> _WHAT THE TASK REQUIRES_: Your answer should hold only the lines from the one containing "100% authentic Hermès" through the last line below, copied exactly; pictures stay out.

┌─ DATA EXCERPT

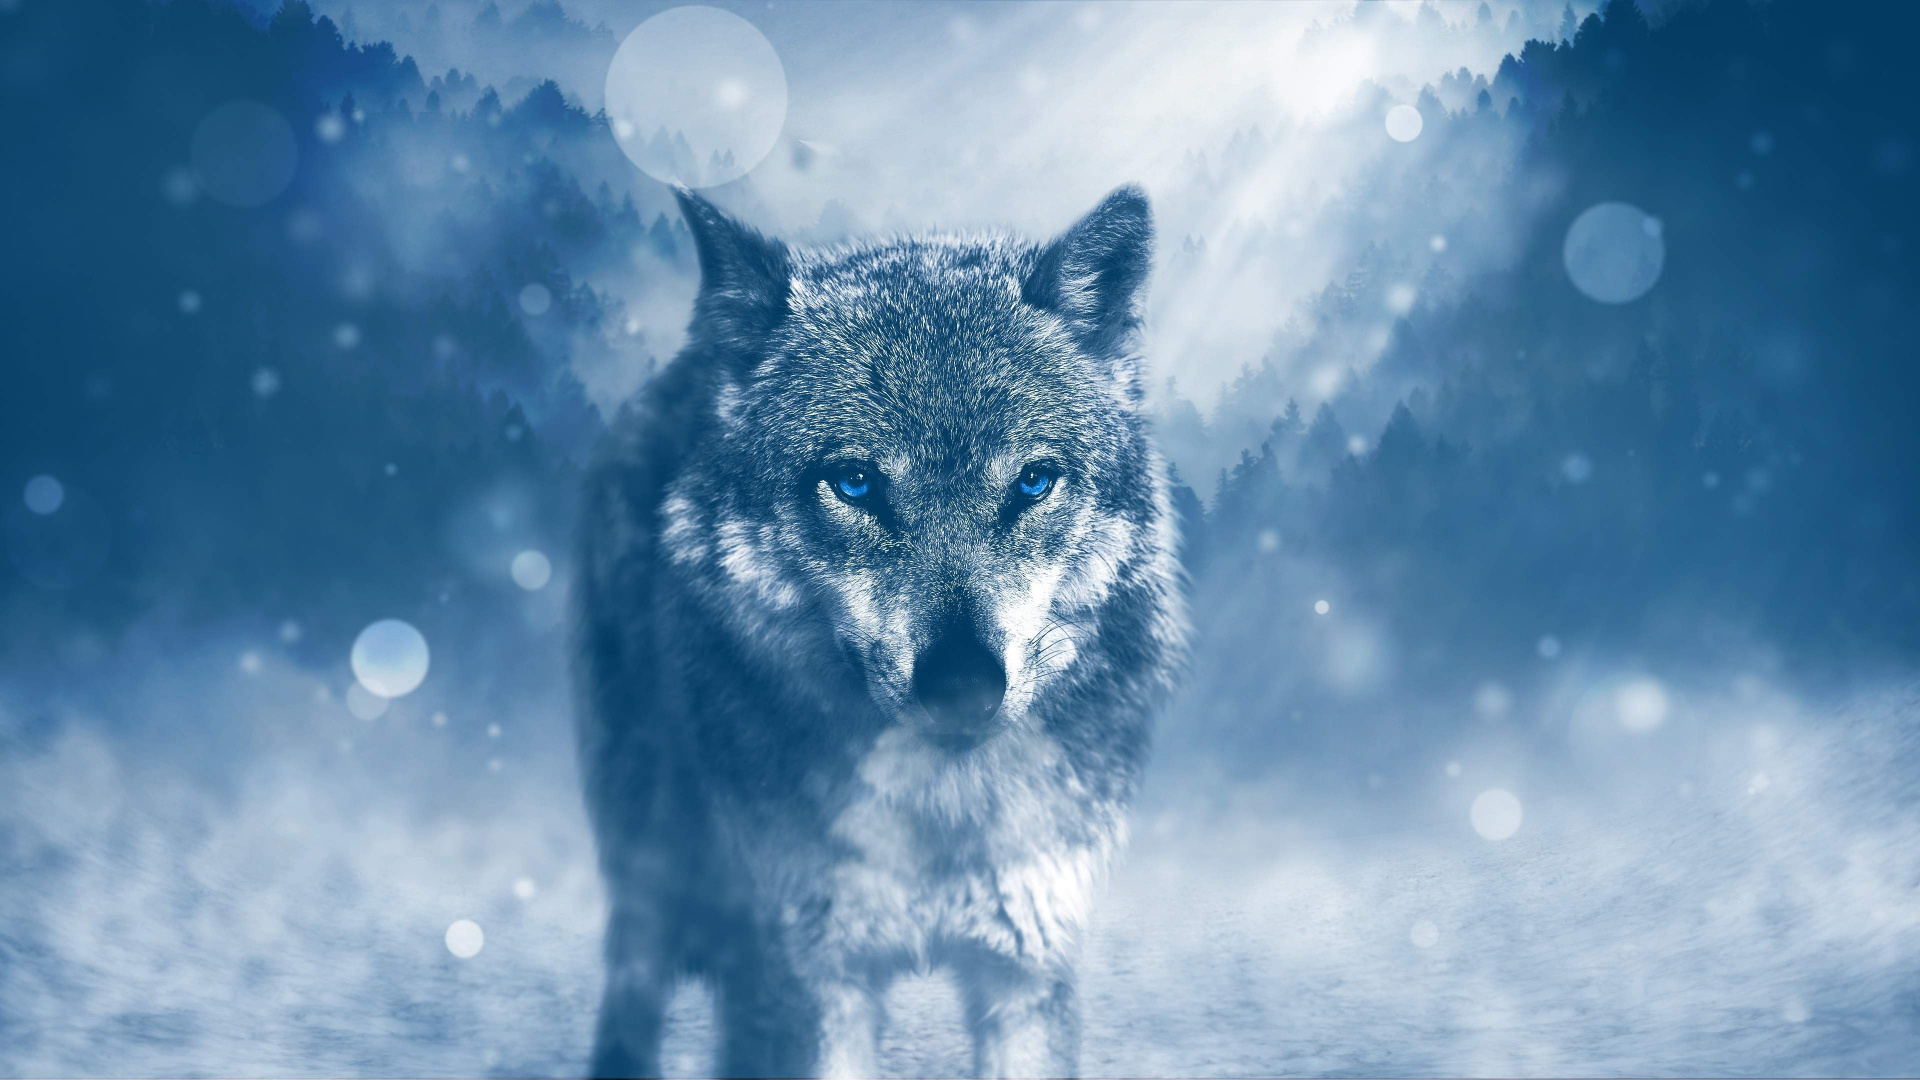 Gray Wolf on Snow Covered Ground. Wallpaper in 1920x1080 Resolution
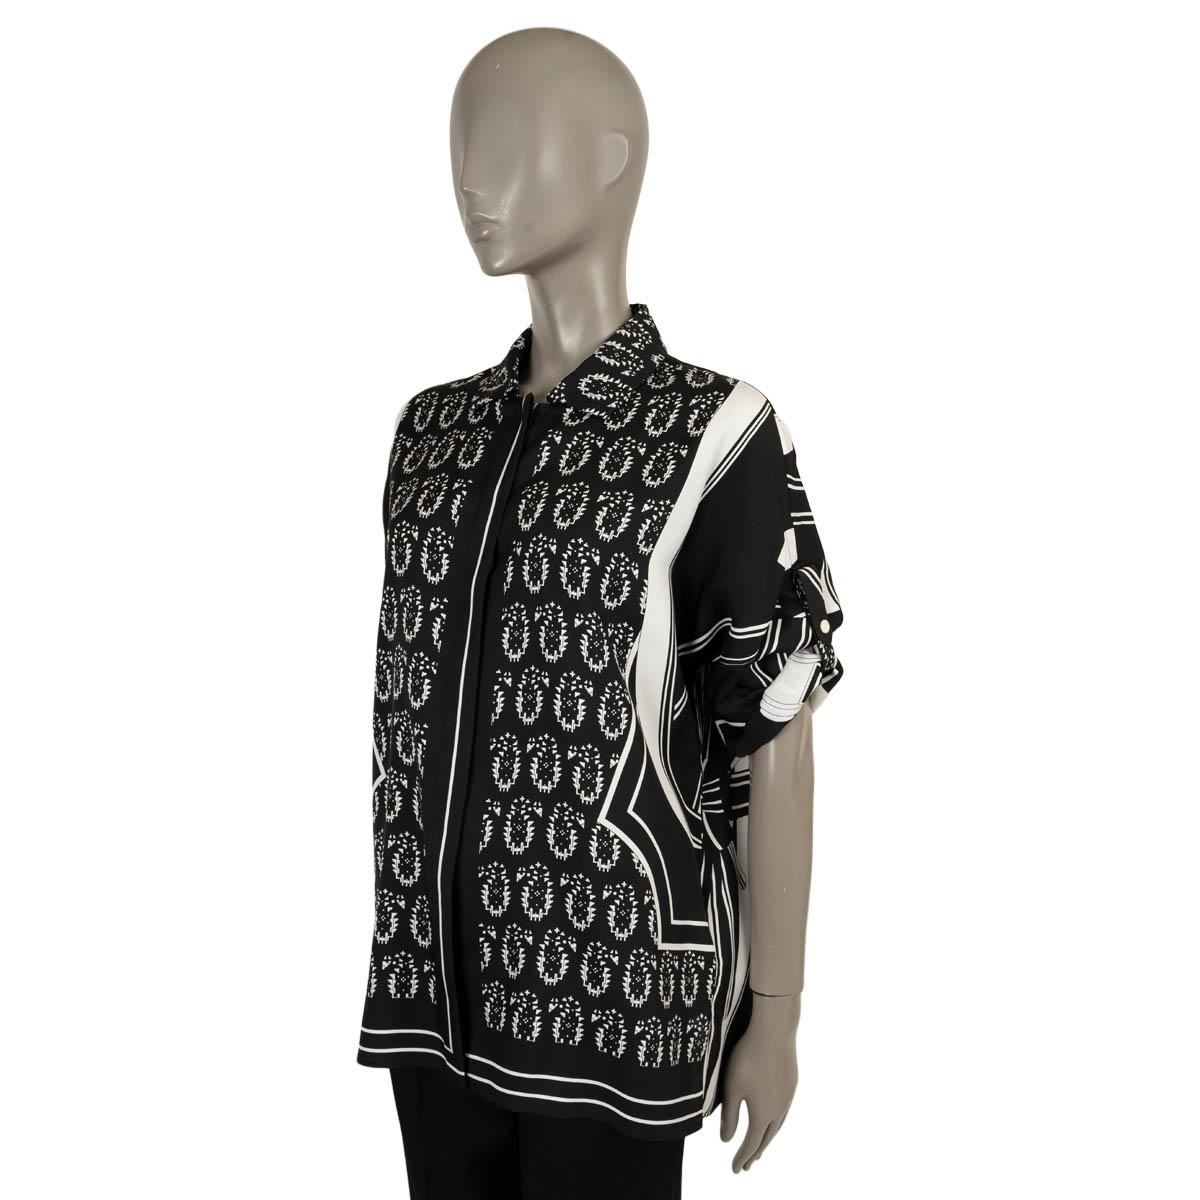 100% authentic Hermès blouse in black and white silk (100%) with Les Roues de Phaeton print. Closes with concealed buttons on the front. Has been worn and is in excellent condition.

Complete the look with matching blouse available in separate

└─

> _WRITTEN ANSWER_:
 100% authentic Hermès blouse in black and white silk (100%) with Les Roues de Phaeton print. Closes with concealed buttons on the front. Has been worn and is in excellent condition.

Complete the look with matching blouse available in separate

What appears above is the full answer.